Step 5 -- Add Indexes Based on Query Patterns

For each query pattern identified in Step 2, define an appropriate index.

Index selection guide:

Query PatternIndex Type
Lookup by single columnB-tree index on that column
Lookup by multiple columns togetherComposite B-tree index
Text search / LIKE queriesGIN index with pg_trgm extension
Range queries (date ranges)B-tree index on the date column
JSON field queriesGIN index on the JSON column
Filtered queries (WHERE active=true)Partial index with postgresql_where
Unique constraintUnique index
Foreign key columnB-tree index (auto in some DBs)

Rules:

  • Every foreign key column must have an index.
  • Columns used in WHERE clauses of frequent queries must have indexes.
  • Columns used in ORDER BY of frequent queries should have indexes.
  • Composite indexes: put the most selective column first.
  • Do not over-index -- each index has write overhead.

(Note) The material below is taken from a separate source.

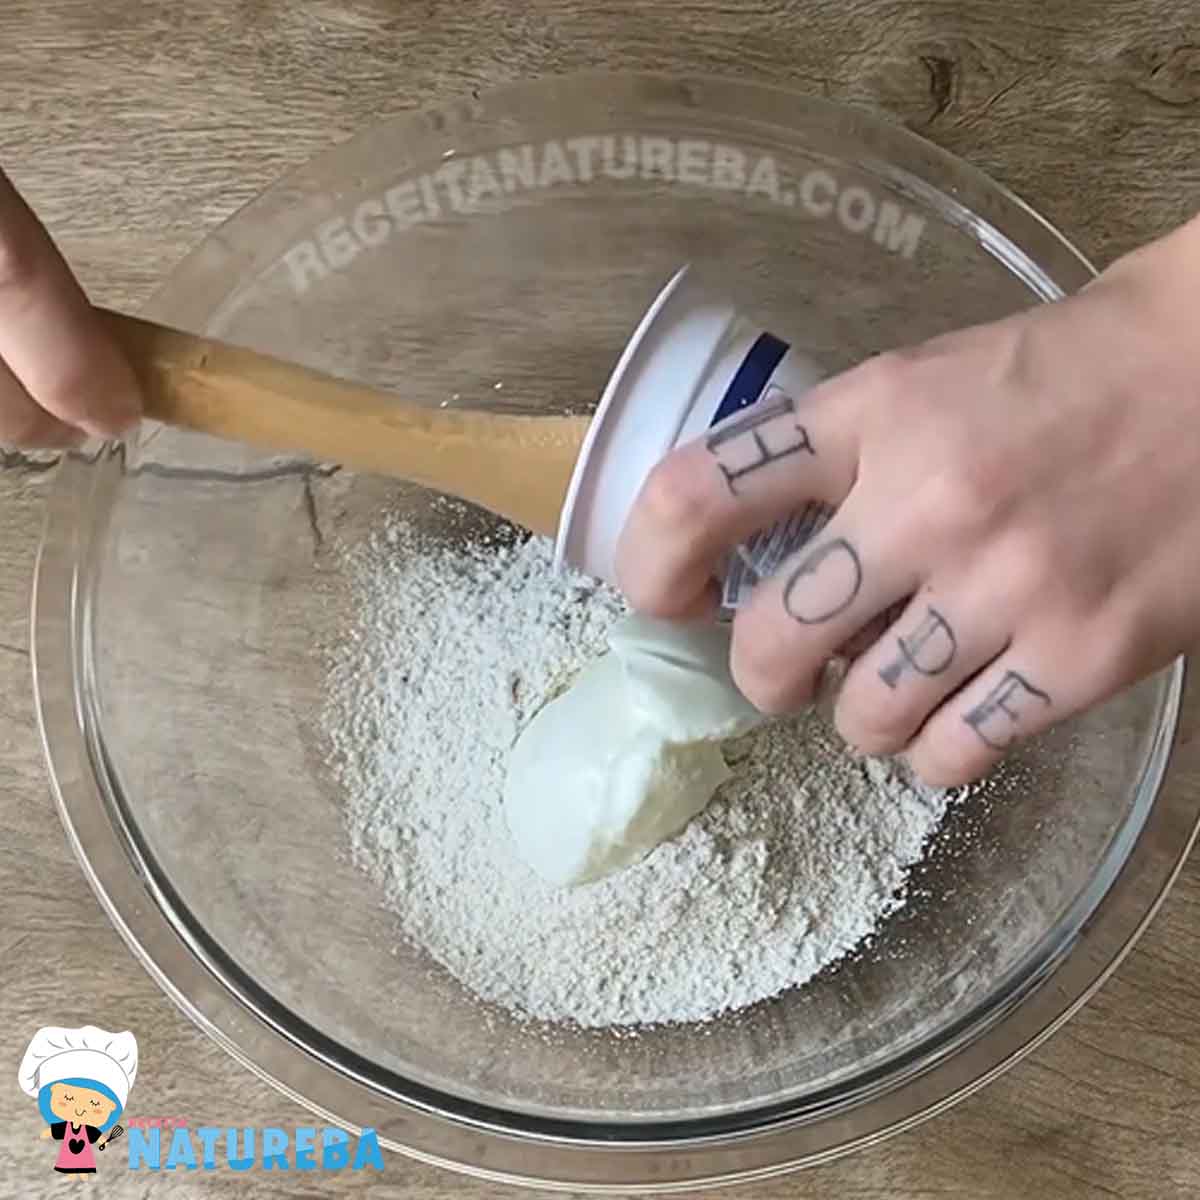 misturando a farinha com o iogurte para pizza de aveia

Justify each index.
  • Name all indexes explicitly: ix_{table}_{column} or ix_{table}_{col1}_{col2}.

Step 6 -- Create Alembic Migration

Generate and refine the migration.

Steps:

bash
# 1. Auto-generate migration from model changes
alembic revision --autogenerate -m "add_{table_name}_table"

# 2. Review the generated migration file
# 3. Edit if needed: add data migrations, fix index names, add comments

Migration file requirements:

  • upgrade() creates tables, indexes, constraints in dependency order.
  • downgrade() drops in reverse dependency order.
  • Data migrations (if any) are in separate migration files from schema changes.
  • All constraint and index names are explicit (never auto-generated).
  • Migration includes comments explaining non-obvious decisions.

Migration template:

python
"""Add users table.

Revision ID: abc123
Revises: previous_rev
Create Date: 2025-01-15 10:00:00.000000
"""

from alembic import op
import sqlalchemy as sa
from sqlalchemy.dialects import postgresql

revision = "abc123"
down_revision = "previous_rev"
branch_labels = None
depends_on = None


def upgrade() -> None:
    op.create_table(
        "users",
        sa.Column("id", postgresql.UUID(as_uuid=True), primary_key=True),
        sa.Column("email", sa.String(255), nullable=False),
        sa.Column("name", sa.String(255), nullable=False),
        sa.Column("password_hash", sa.String(255), nullable=False),
        sa.Column("is_active", sa.Boolean(), nullable=False, server_default=sa.true()),
        sa.Column("created_at", sa.DateTime(timezone=True), nullable=False, server_default=sa.func.now()),
        sa.Column("updated_at", sa.DateTime(timezone=True), nullable=False, server_default=sa.func.now()),
    )
    op.create_index("ix_users_email", "users", ["email"], unique=True)
    op.create_index(
        "ix_users_is_active", "users", ["is_active"],
        postgresql_where=sa.text("is_active = true"),
    )


def downgrade() -> None:
    op.drop_index("ix_users_is_active", table_name="users")
    op.drop_index("ix_users_email", table_name="users")
    op.drop_table("users")

Step 7 -- Design Repository Layer

Create repository in src/{project}/repositories/{entity}.py.

Repository pattern with async support:

python
from __future__ import annotations

from uuid import UUID
from typing import Sequence

from sqlalchemy import select, func
from sqlalchemy.ext.asyncio import AsyncSession

from {project}.models.user import User


class UserRepository:
    """Data access layer for User entity."""

    def __init__(self, session: AsyncSession) -> None:
        self._session = session

    async def get_by_id(self, user_id: UUID) -> User | None:
        """Fetch a single user by primary key."""
        return await self._session.get(User, user_id)

    async def get_by_email(self, email: str) -> User | None:
        """Fetch a single user by email address."""
        stmt = select(User).where(User.email == email, User.deleted_at.is_(None))
        result = await self._session.execute(stmt)
        return result.scalar_one_or_none()

    async def list(
        self,
        *,
        offset: int = 0,
        limit: int = 20,
        is_active: bool | None = None,
    ) -> tuple[Sequence[User], int]:
        """List users with pagination and optional filtering. Returns (items, total)."""
        stmt = select(User).where(User.deleted_at.is_(None))
        count_stmt = select(func.count()).select_from(User).where(User.deleted_at.is_(None))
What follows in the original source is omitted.